Dataset prepared with 100 examples
Example tokenized length: 512 tokens


## Step 2.5: Fine-tune the Model

The fine-tuned model is the poem generator we aim for. After fine-tuning, GPT-2 model would shift its weights onto the given inspiring set and its vocabulary, paragraph structure thus being better at poem generation. 

In [None]:
# Set up training arguments
training_args = TrainingArguments(
    output_dir="./romantic_gpt2_output",
    overwrite_output_dir=True,
    num_train_epochs=400,  
    per_device_train_batch_size=4,  
    save_steps=100,
    save_total_limit=2,
    logging_steps=100,
    learning_rate=1e-5,
    warmup_steps=100,
    weight_decay=0.01,
    logging_dir='./logs',
    prediction_loss_only=True,
    fp16=torch.cuda.is_available(),  
)

# Data collator for language modeling
data_collator = DataCollatorForLanguageModeling(
    tokenizer=tokenizer,
    mlm=False  
)

# Initialize Trainer
trainer = Trainer(
    model=model,
    args=training_args,
    data_collator=data_collator,
    train_dataset=train_dataset,
)

print("Trainer initialized. Ready to fine-tune!")

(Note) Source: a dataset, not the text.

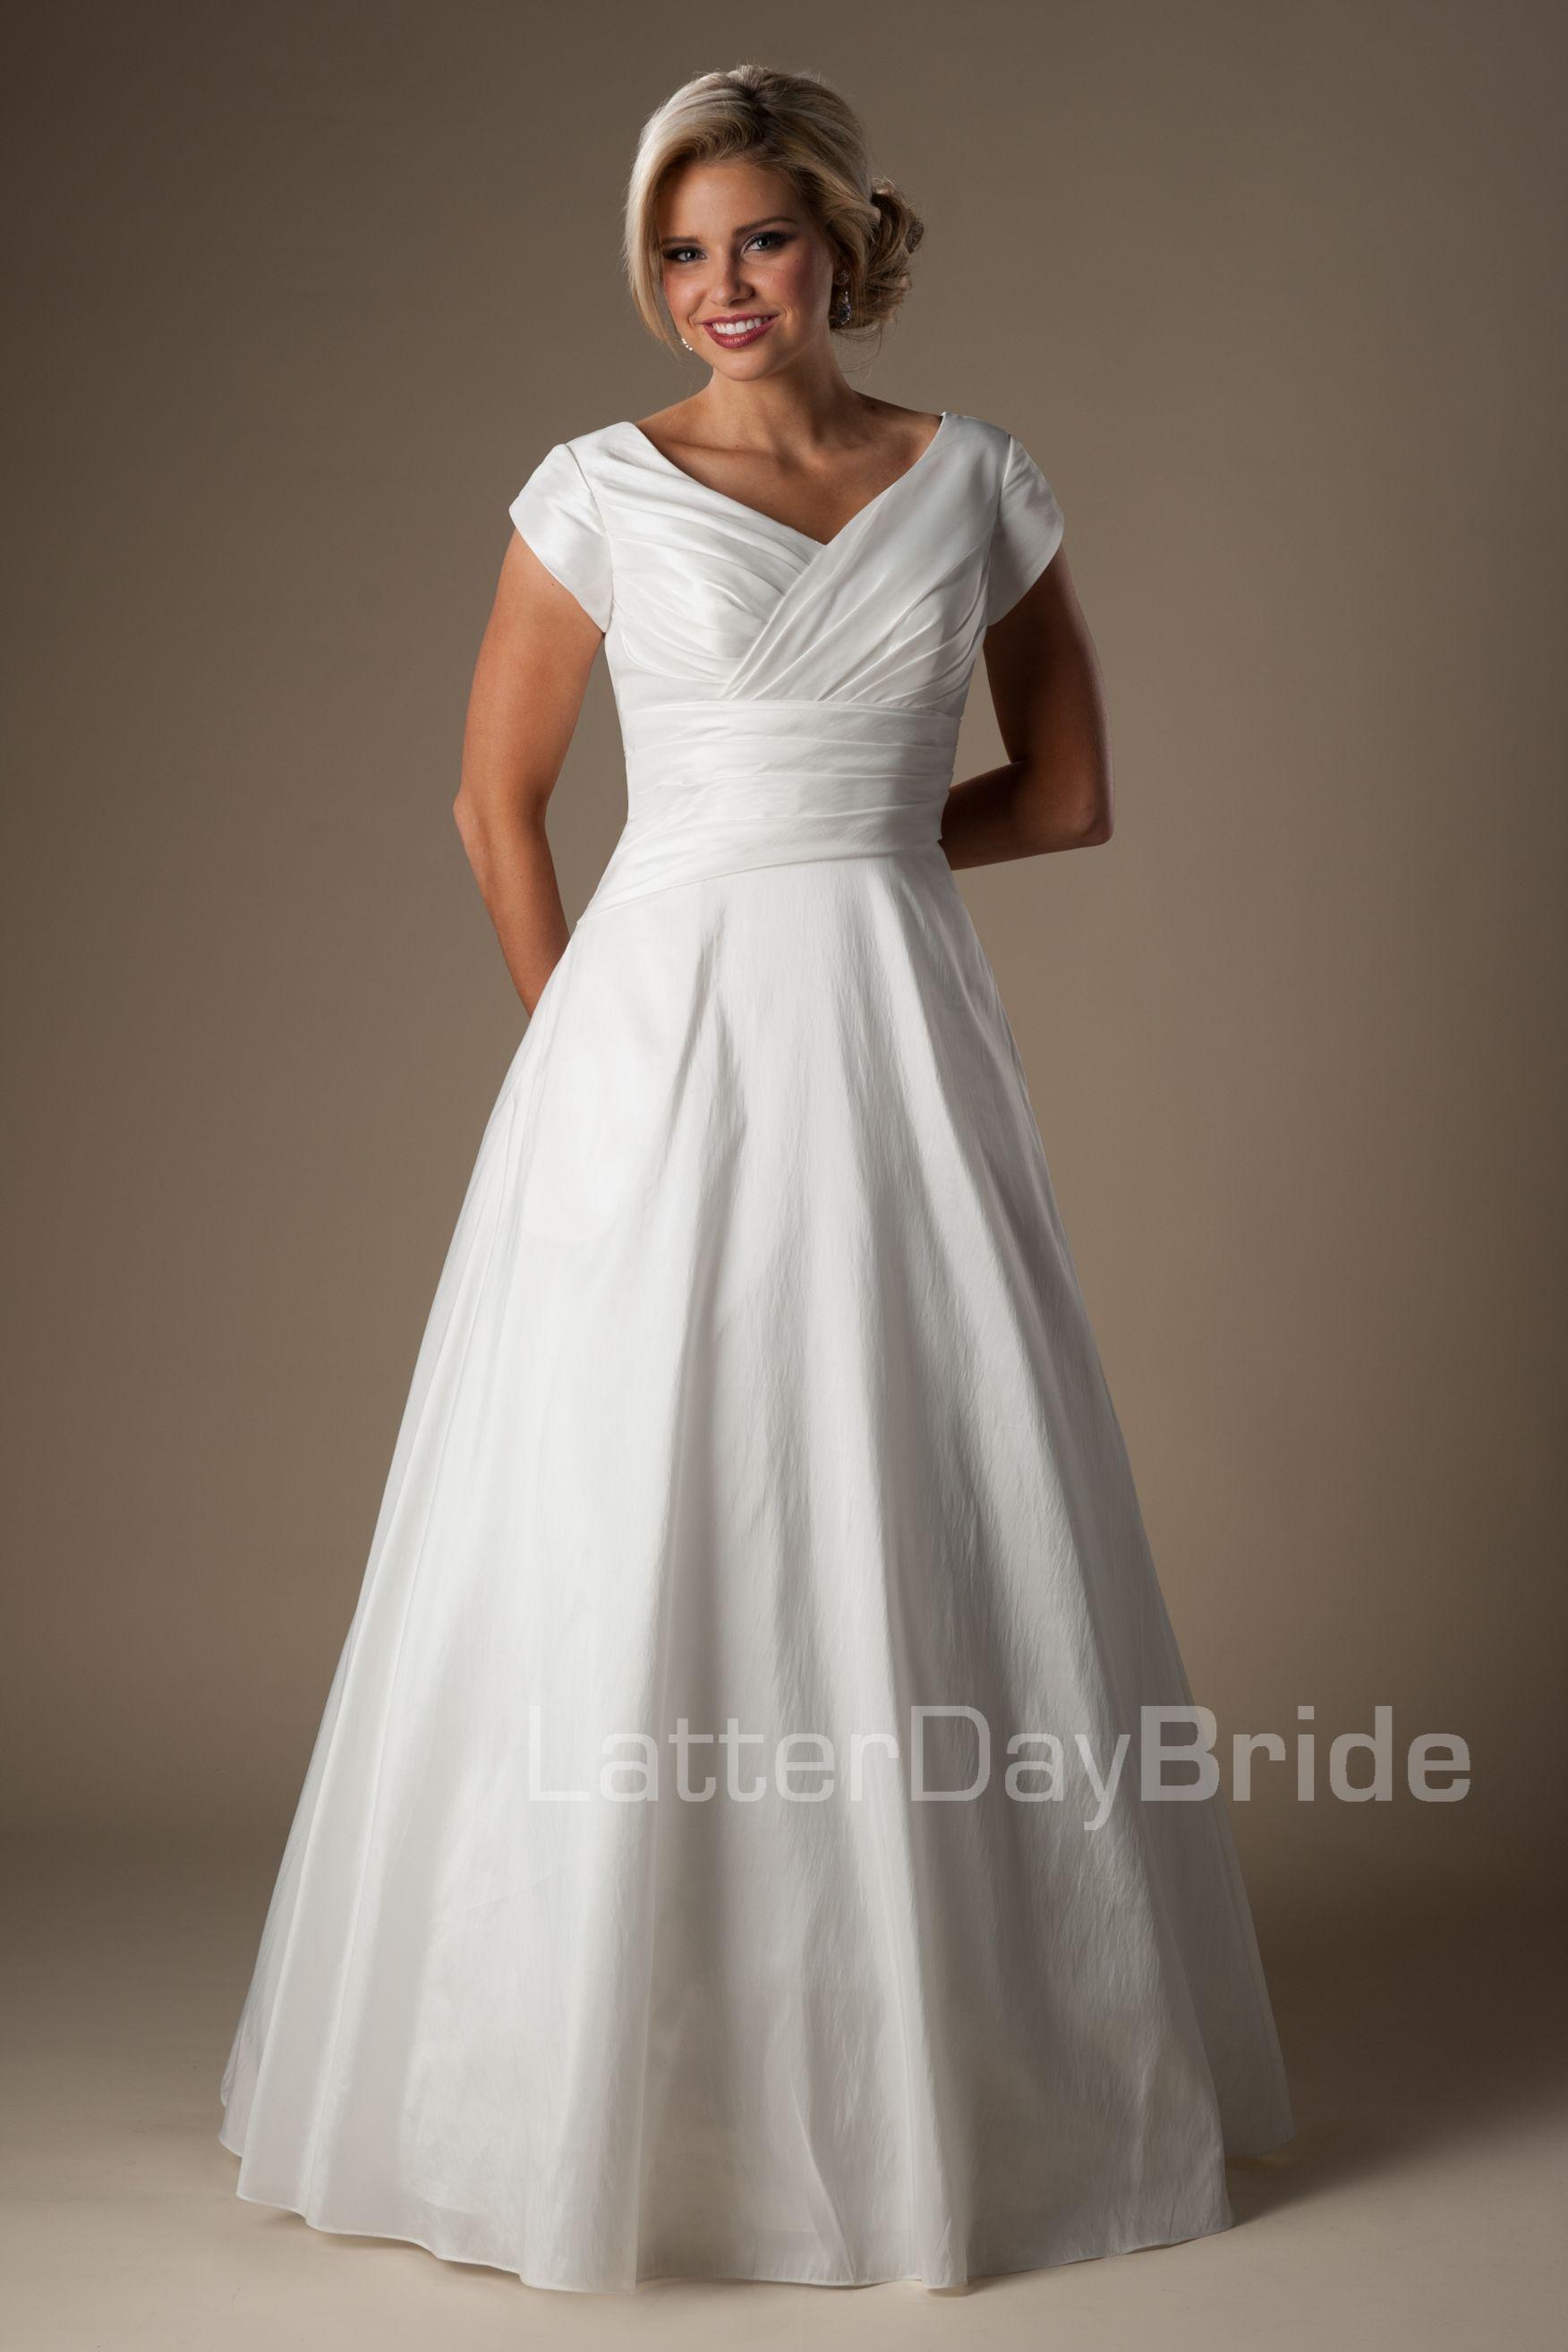 Modest Wedding Dresses : Stapleton | Wedding dresses | Pinterest ...

Trainer initialized. Ready to fine-tune!


In [11]:
# Fine-tune the model
print("Starting fine-tuning...")
print("This may take a while depending on your hardware and dataset size.")
print("="*50)

trainer.train()

print("\n" + "="*50)
print("Fine-tuning complete!")

Starting fine-tuning...
This may take a while depending on your hardware and dataset size.


Step,Training Loss
100,2.6239
200,2.5702
300,2.4488
400,2.3043
500,2.1421
600,2.025
700,1.8846
800,1.7512
900,1.5972
1000,1.4778



Fine-tuning complete!


The model converges after approximately 8800 epochs.

In [12]:
# Save the fine-tuned model
model.save_pretrained("./romantic_gpt2_finetuned")
tokenizer.save_pretrained("./romantic_gpt2_finetuned")
print("Model saved to './romantic_gpt2_finetuned'")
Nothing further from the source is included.